第1相後に、遺伝子操作を受けた酵母は、供給組成物を提供するモードが第1相とは異なる「発酵相」などの第2相に入ることができる。第2相では、遺伝子操作を受けた酵母の増殖は、少なくともゆっくりとなり、炭水化物を積極的に同化してステビオール配糖体(複数可)を生成している。本明細書で使用される場合、「発酵」は、完全に好気性、部分的に好気性、または嫌気性条件下で発生し得るステビオール配糖体(複数可)の重要な生成の相を記述するために使用される。部分的好気性条件下では、発酵及び呼吸経路の両方が活性であることができ、一部の細胞増殖が生じてもよい。
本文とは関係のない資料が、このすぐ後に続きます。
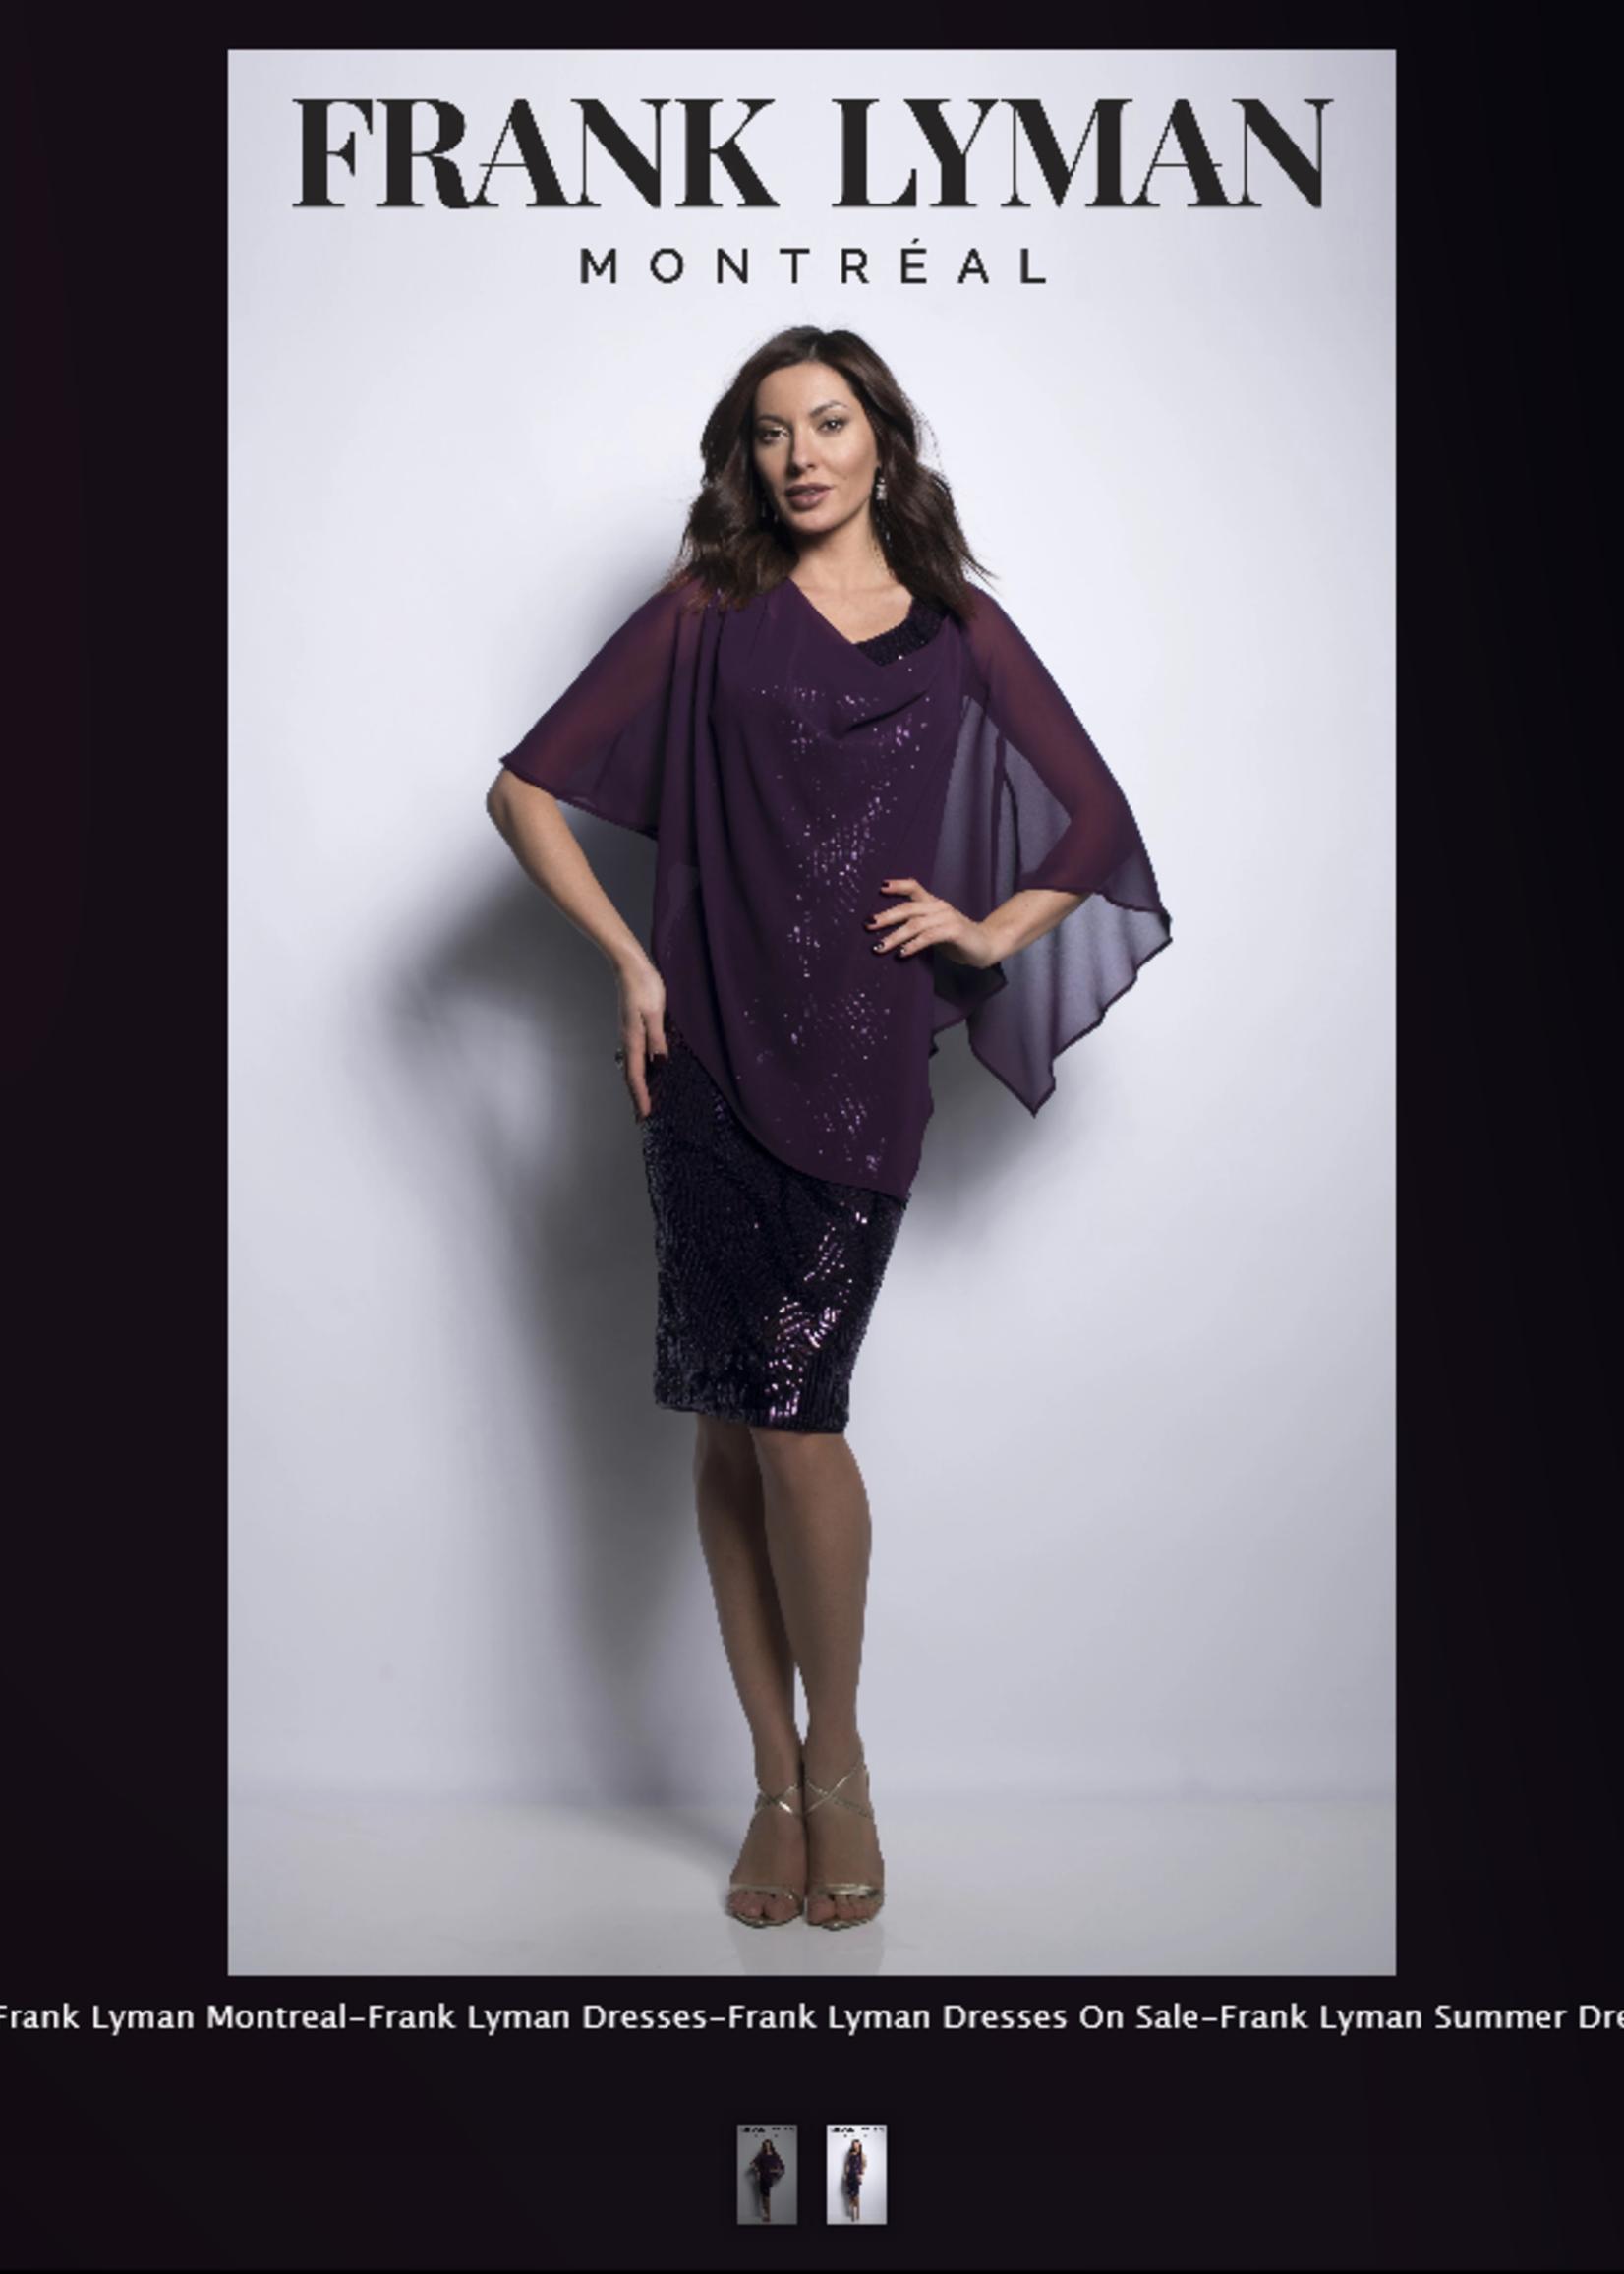 FRANK LYMAN Burgundy sparkle dress with shear

部分的好気性条件下では、消費される酸素の量は、播種/増殖期中よりも少ない可能性がある。
第2相では、グルコースを有する供給組成物は、第1相とは異なるモードで培地に添加され得る。実際のいくつかのモードでは、第1及び第2相は、同じ容器内で行われ、第1相中に、グルコースを含む供給溶液が、可変速度で容器内の培地に添加され、その後、第2の相では、供給溶液が、同じ容器内の培地に添加されるが、一定速度で添加される。
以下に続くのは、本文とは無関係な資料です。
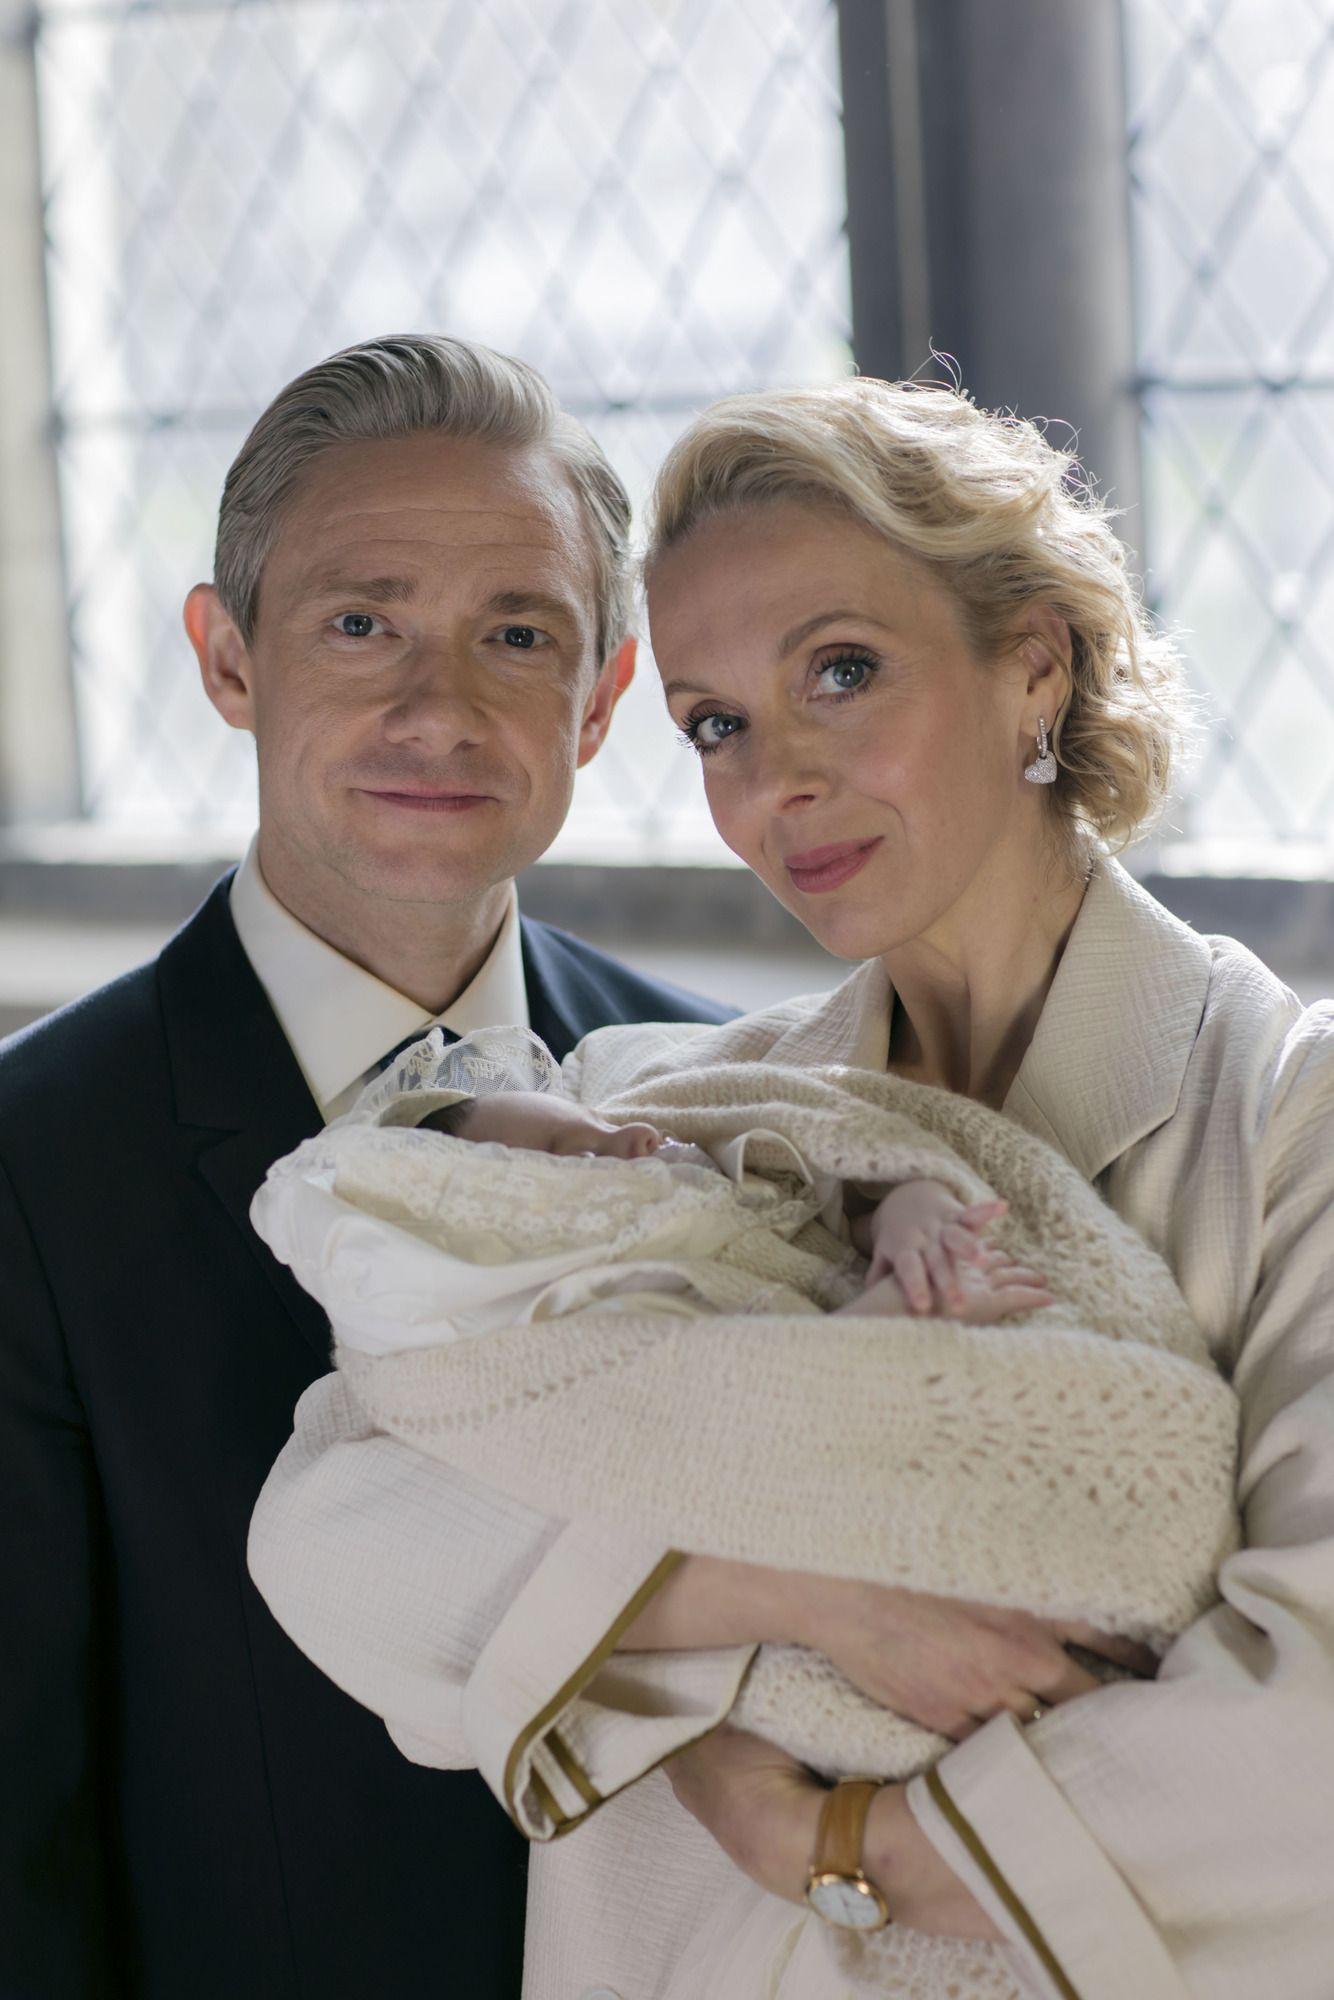 Sherlock's Amanda Abbington opens up about her split from Martin Freeman

実際のいくつかのモードでは、第2相において、供給組成物は、一定の供給速度で培地に添加される。例えば、供給の一定速度は、10gのグルコース/1Lの培地/時以下であり、好ましくは、2gのグルコース/1Lの培地/時〜10gのグルコース/1Lの培地/時の範囲の供給の一定速度である。
例えば、発酵及びステビオール配糖体の生成を含む第2相では、酵母は、ある範囲内にある1つ以上の増殖速度(複数可)を得るための条件下の培地中で増殖させ得る。例えば、第2相においては、増殖速度(複数可)は、約0.09 l/時以下、例えば、約0.015 l/時〜約0.09 l/時、または約0.015 l/時〜約0.06 l/時の範囲とすることができる。いくつかの実施形態では、工程(b)における増殖速度(希釈速度)は、工程(a)における最大増殖速度(希釈速度)の50〜90%の範囲である。いくつかの実施形態では、工程(b)における増殖速度(希釈速度)は、工程(a)における最大増殖速度(希釈速度)の50〜100%の範囲である。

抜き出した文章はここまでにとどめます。